The cars will have high-powered processors, the Tizen operating system, and connectivity for delivering Internet connections to and from the car. Davis said autonomous cars will have features similar to those that Google has shown off with its self-driving cars. Those include the ability to avoid accidents, alert the driver when someone falls asleep at the wheel or veers out of a lane, and display real-time information on traffic or schedules.
Intel will focus on both chips and software, as well as on additional investments and advanced technology research aimed at helping the car evolve to better inform, assist, and eventually assume control.
“Automobiles have integrated more entertainment and navigation,” Davis said. “They need to become connected so we can pull data out of the car about how we operate the vehicles, and also to bring more autonomous capabilities into the car as well.”
It will be up to car makers to decide whether they want to use the Intel branding in their vehicles.
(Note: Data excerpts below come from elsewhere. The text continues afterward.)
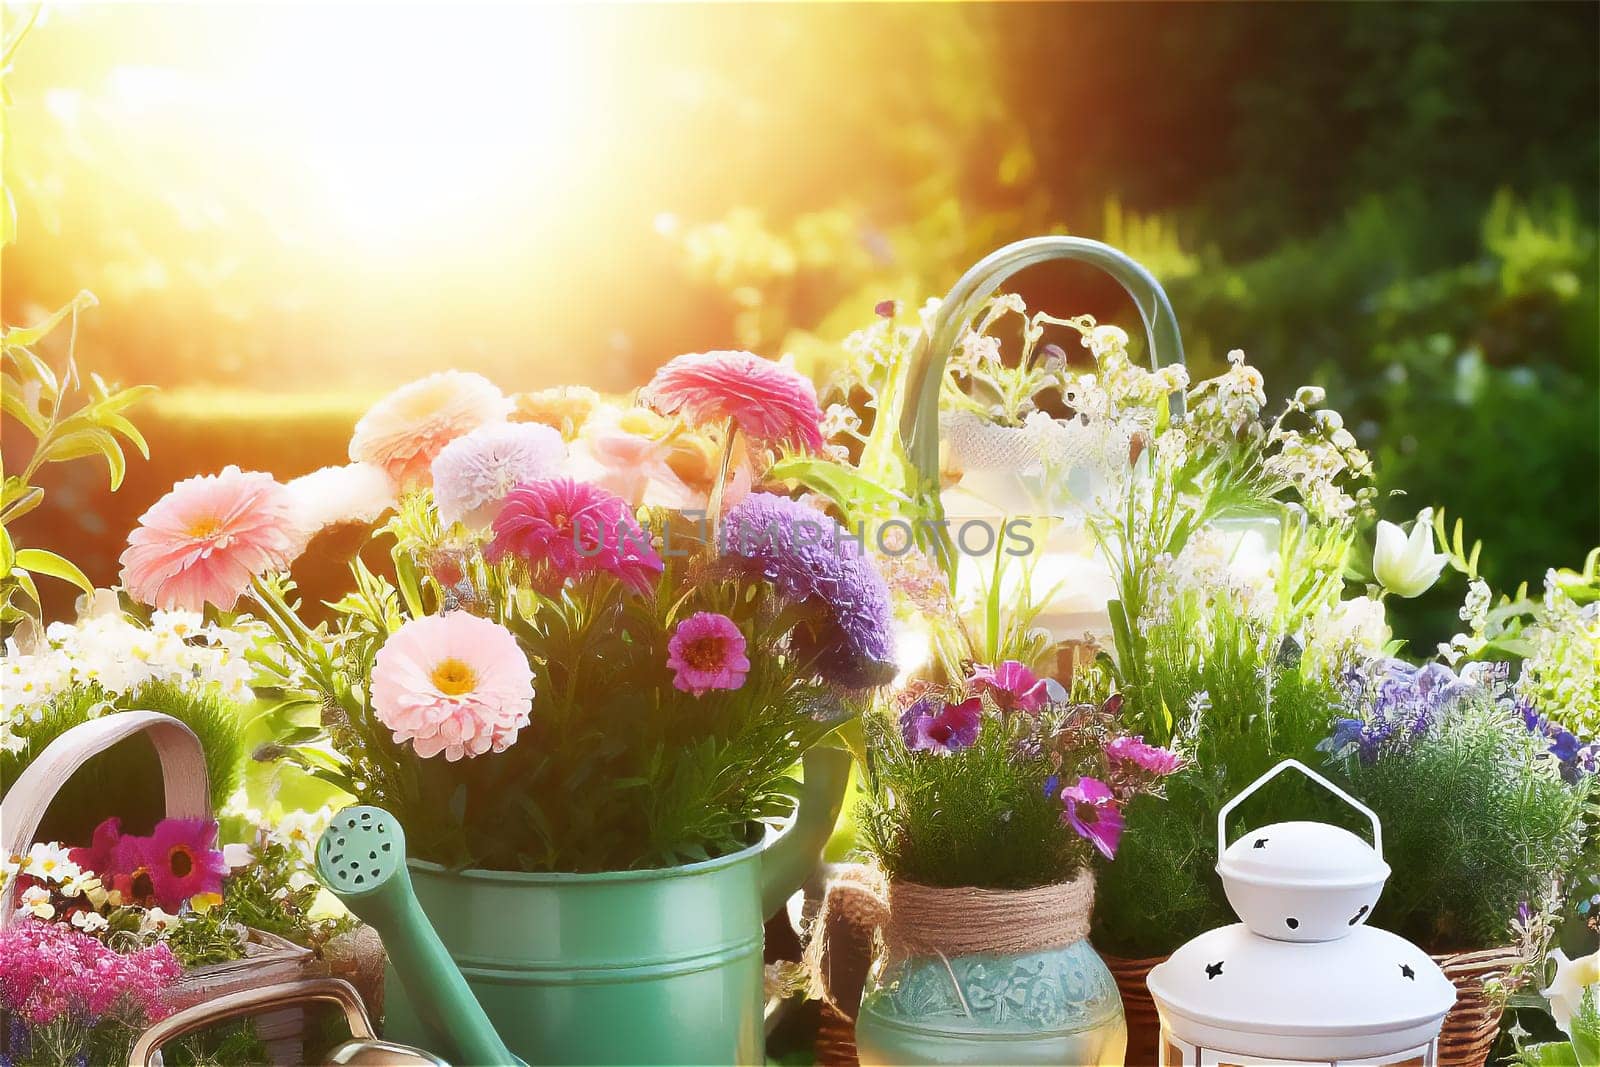 Gardening, different spring and summer flowers, gardening tools on garden table. by EkaterinaPereslavtseva
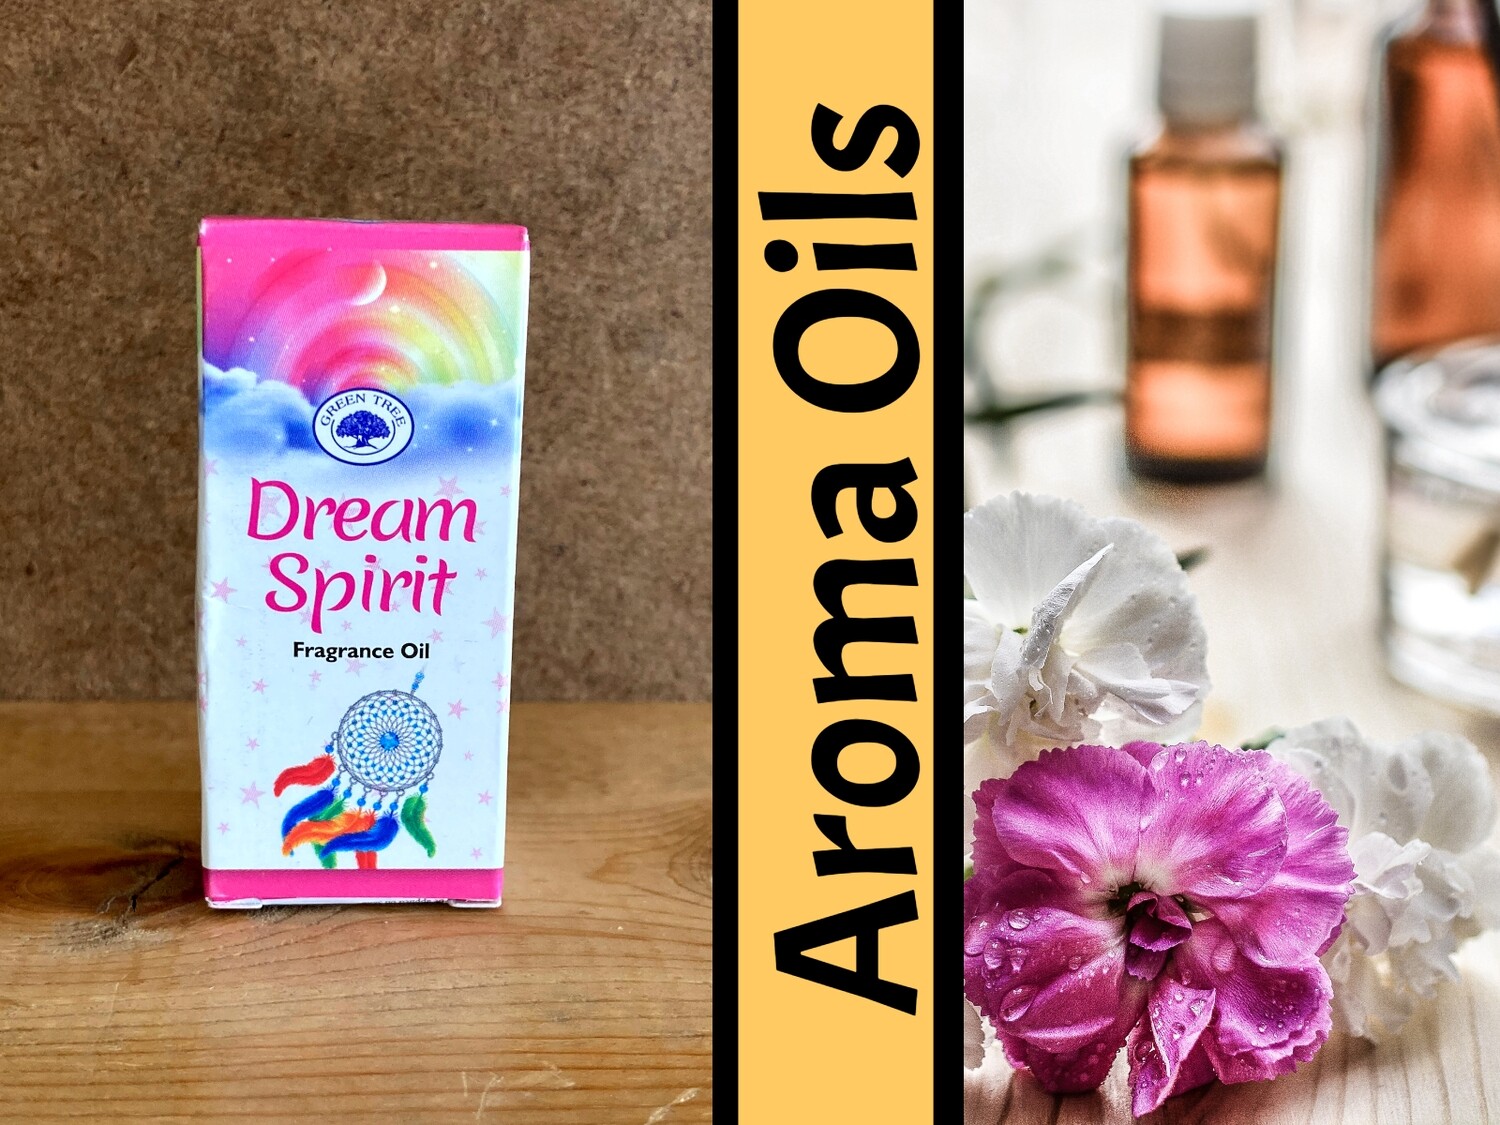 Dream spirit Aroma oil
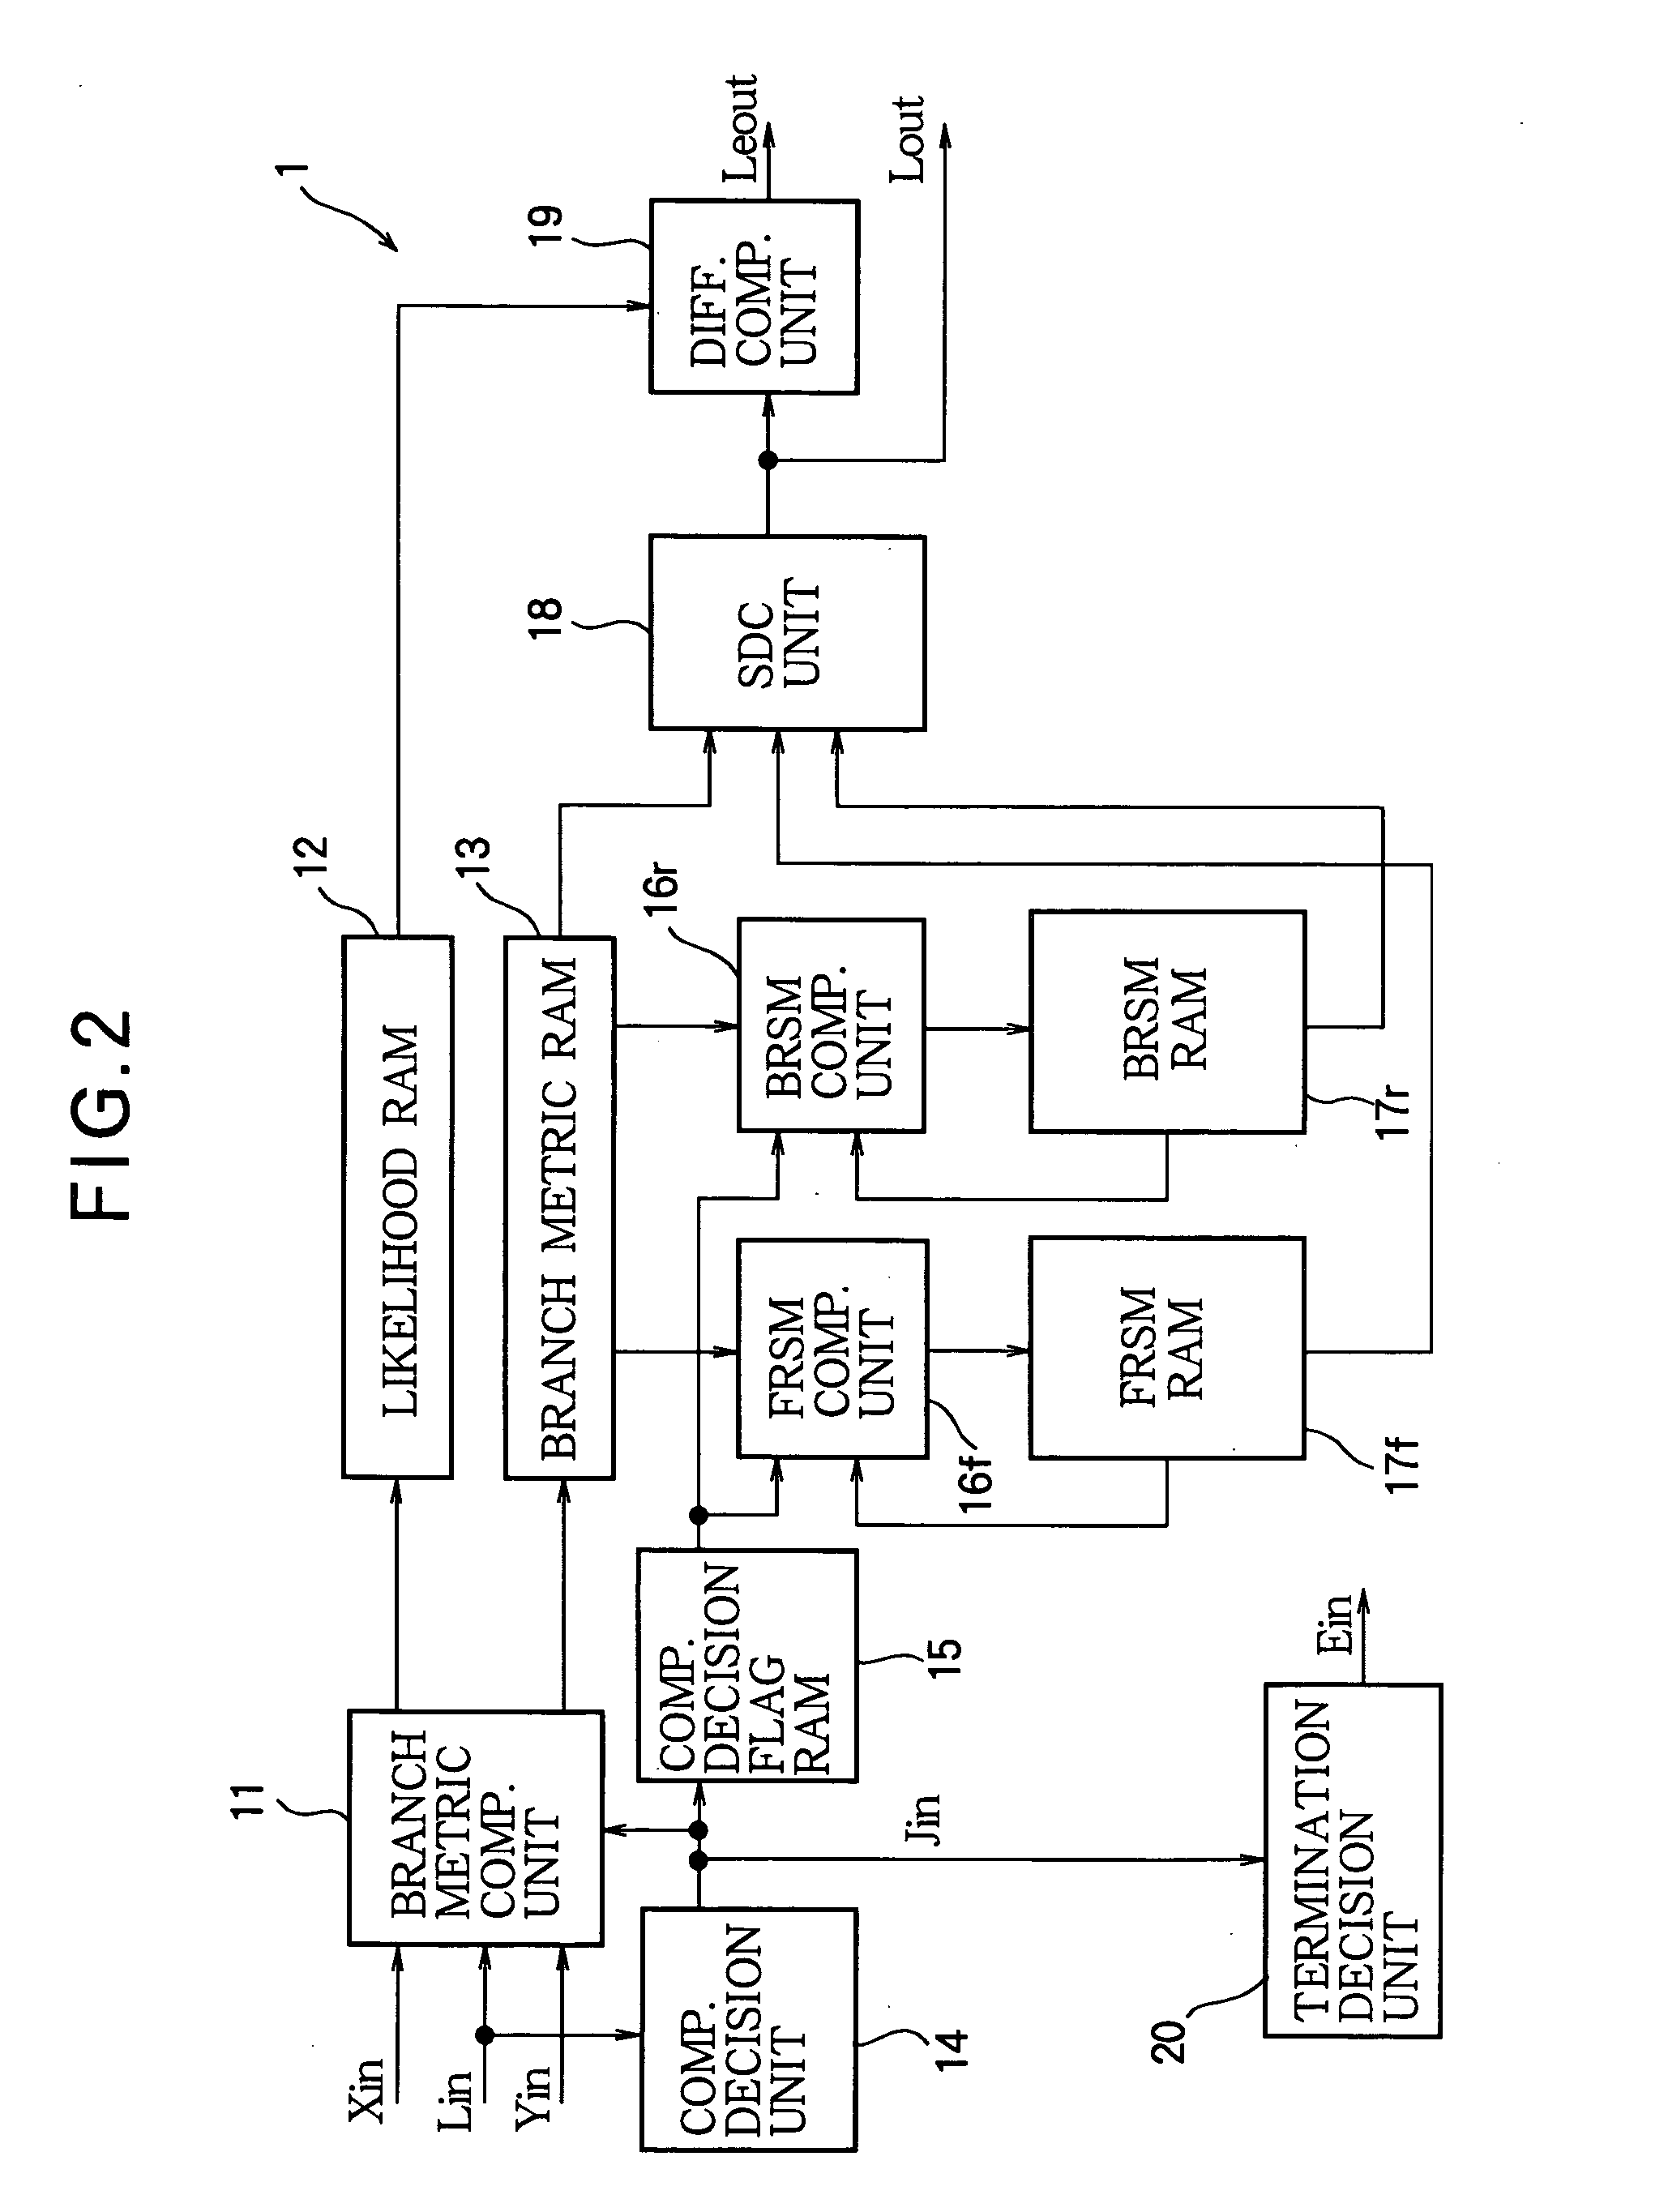 Soft-output decoder with computation decision unit

Intel calls its platform In-Vehicle Solutions, including both hardware and software. Intel will provide chips, hardware modules, a full software stack with operating system and middleware, and development kits. The company hopes it can cut in-car system development by a year and reduce costs up to 50 percent. Intel will use software from its own Wind River subsidiary as well as from Green Hills Software, Mobica, Symphony Teleca, QNX, and XSe.
Intel set up a car tech fund in 2012. So far, it has invested in ZMP, a maker of autonomous driving platforms; CloudMade, a data aggregation and cloud company; Mocana, a security platform provider; and Tobii Technology, which is doing eye-tracking research.
Intel’s first efforts will be products for driver assistance, and it will slowly work its way up to autonomous cars, as safety systems are perfected. Davis said the idea is to make cars adapt to us, rather than the other way around.
Intel said its Internet of things group had revenue of $482 million in the first quarter, up 32 percent, thanks to demand for existing car infotainment systems.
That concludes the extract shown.